● **Your task**: Images don't belong in the copy. Output the rest of the data exactly.

● **Data extract**:
******

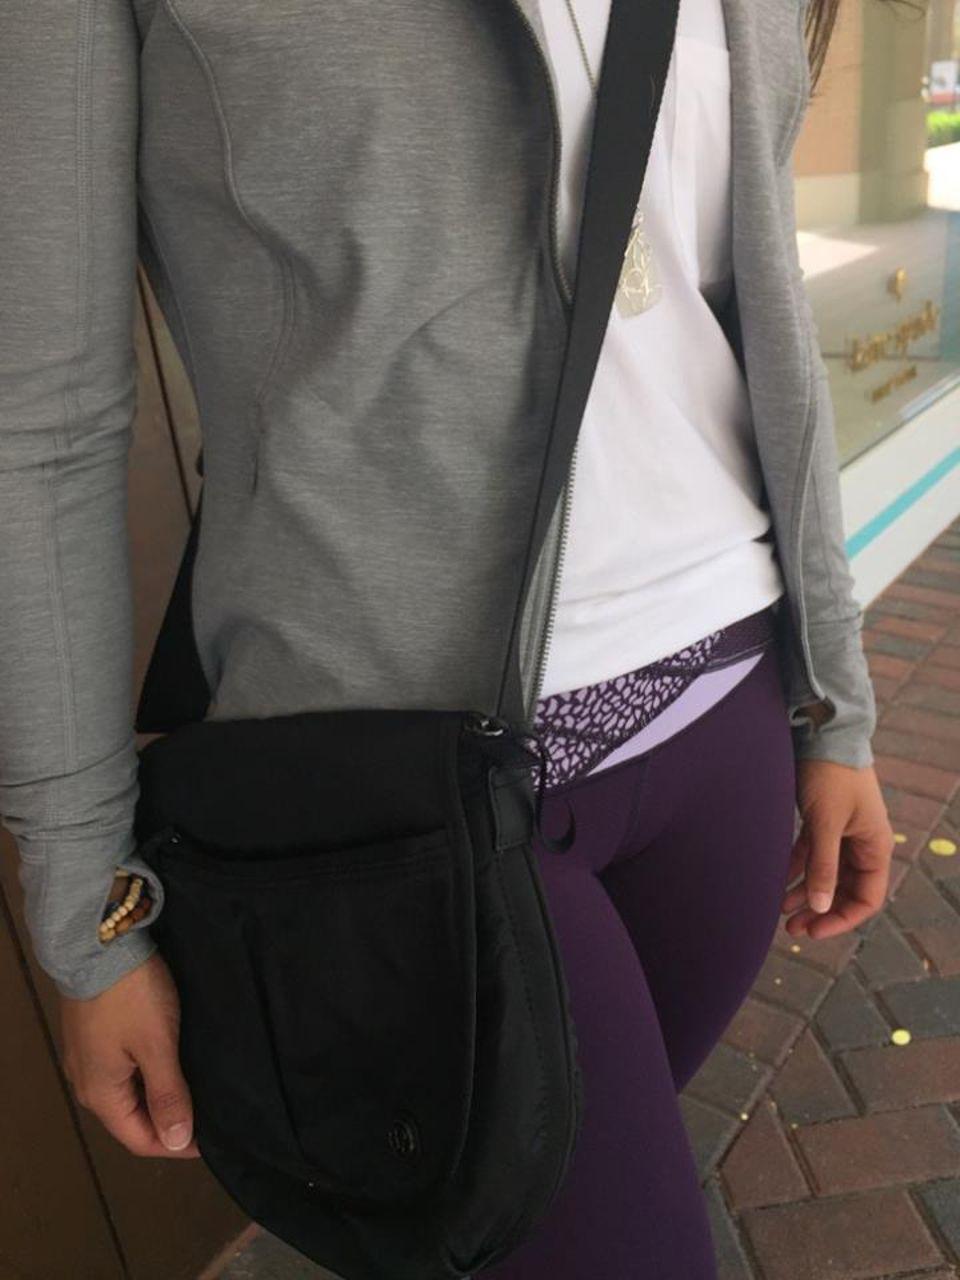 Lululemon Wunder Under Pant III - Deep Zinfandel / Lilac / Miss Mosaic Lilac Deep Zinfandel
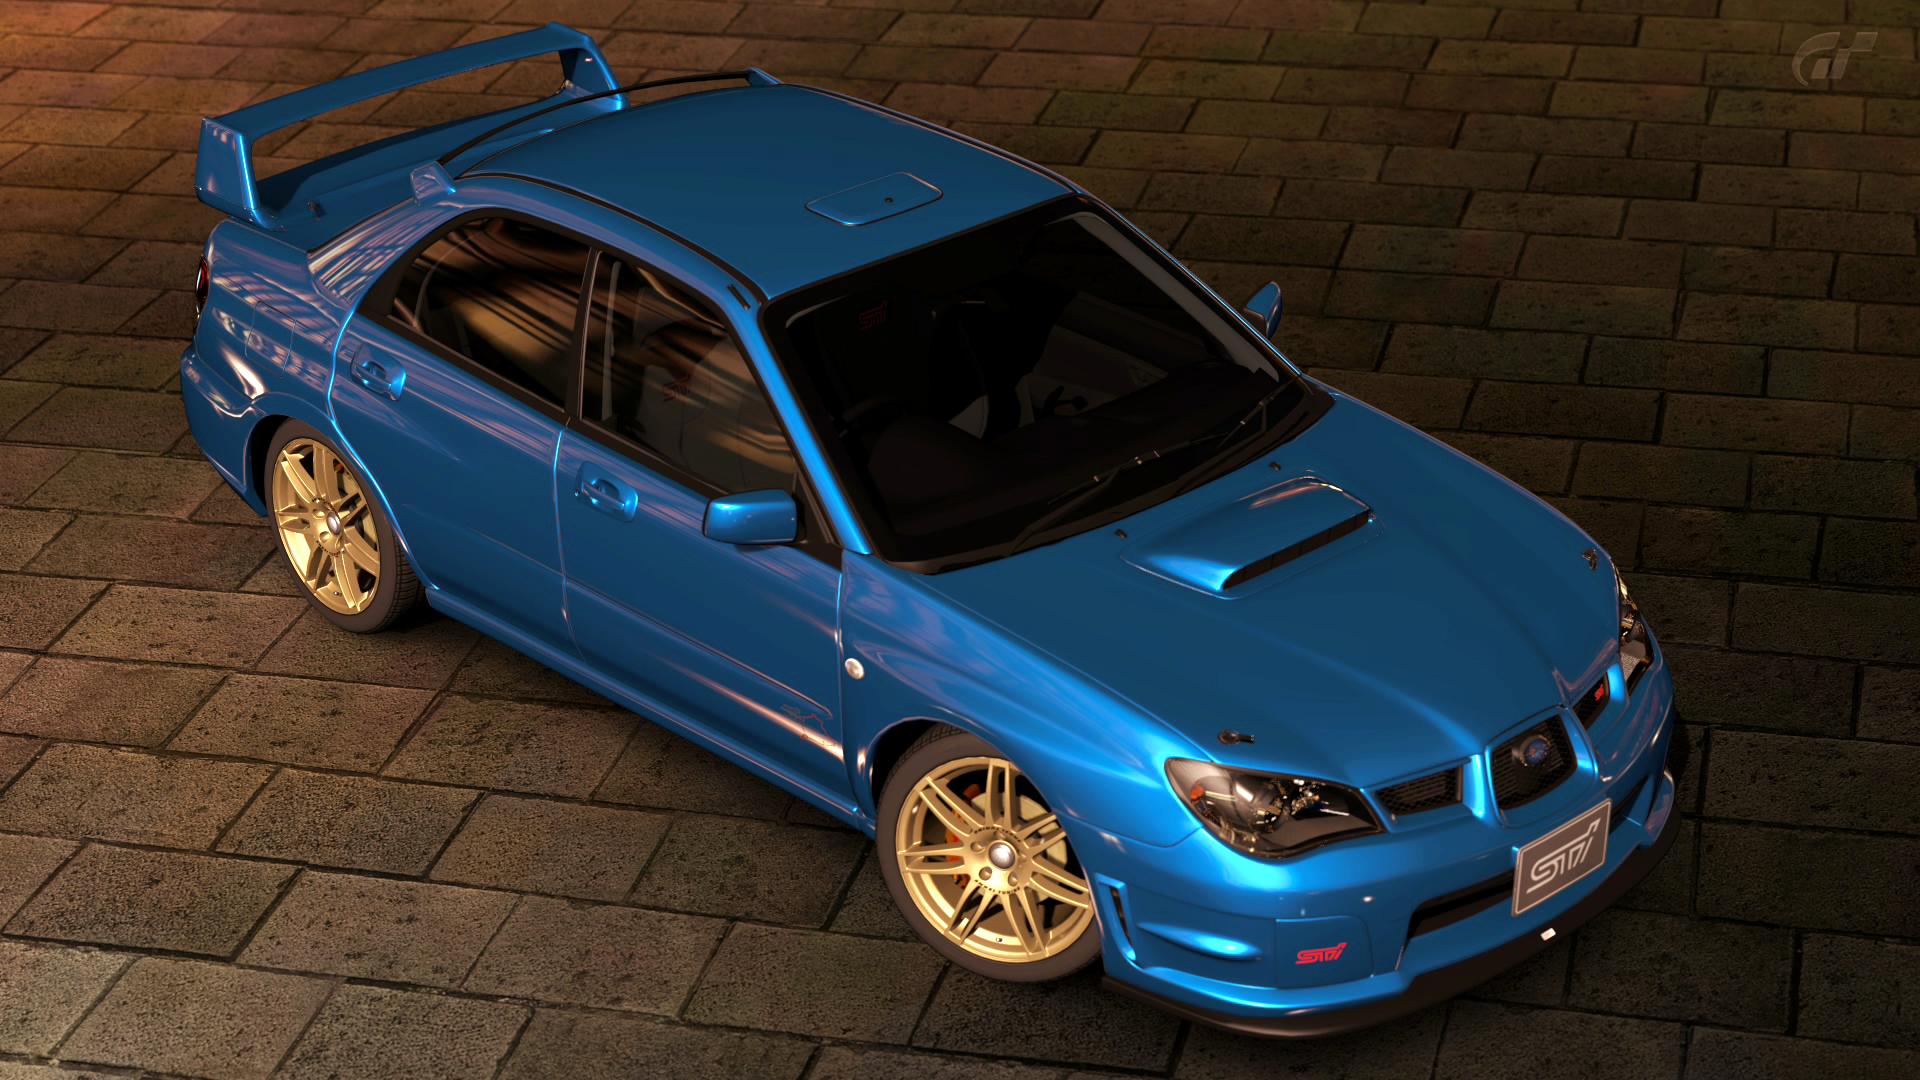 2005 Subaru Impreza WRX STI SpecC Type RA GT5 by Vertualissimo
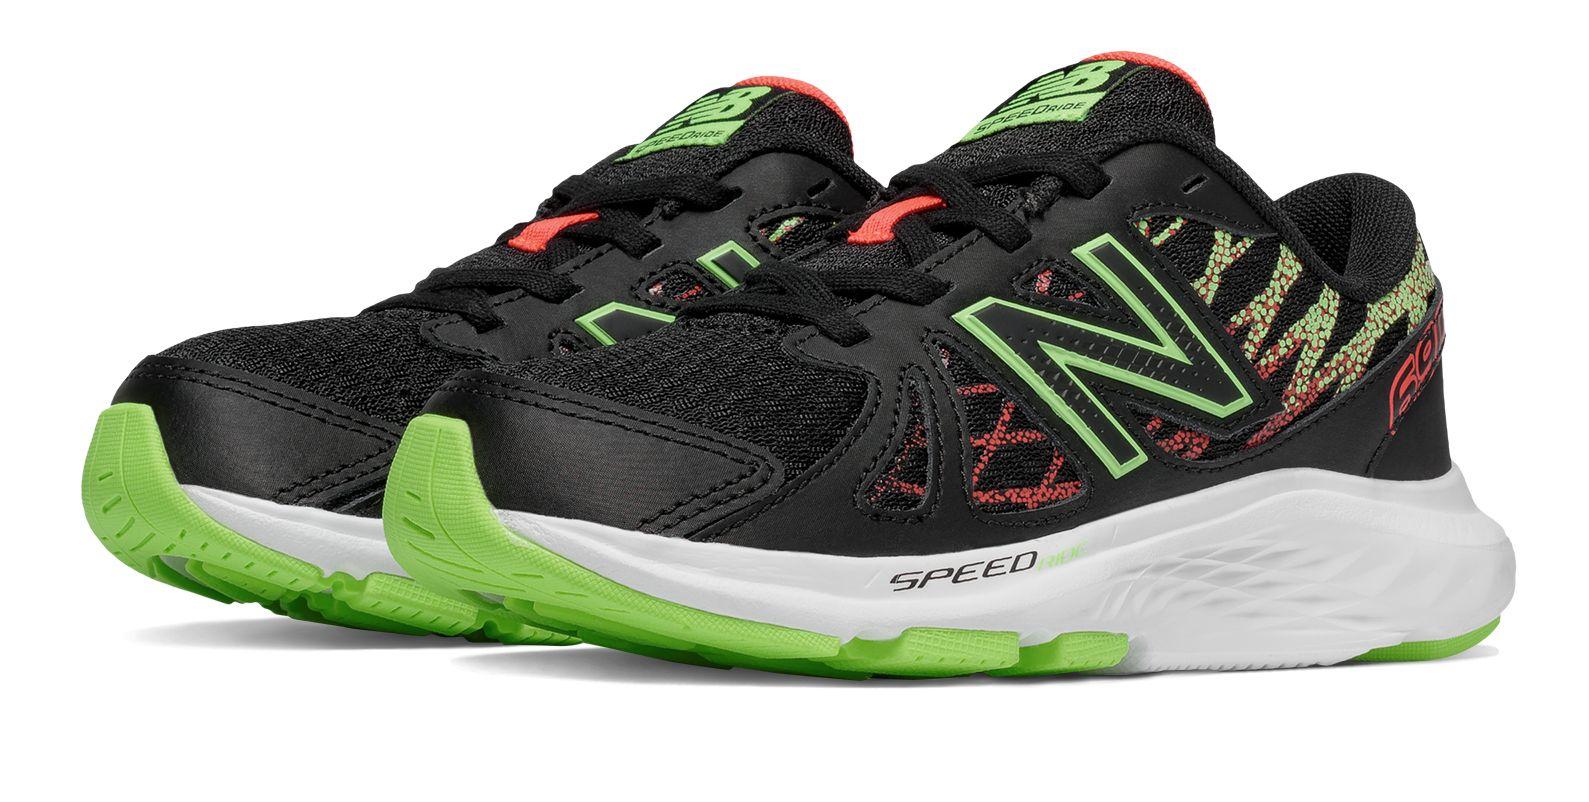 New Balance Auto Racing Shoes

******

● **Exercise output**:
 Lululemon Wunder Under Pant III - Deep Zinfandel / Lilac / Miss Mosaic Lilac Deep Zinfandel
 2005 Subaru Impreza WRX STI SpecC Type RA GT5 by Vertualissimo
 New Balance Auto Racing Shoes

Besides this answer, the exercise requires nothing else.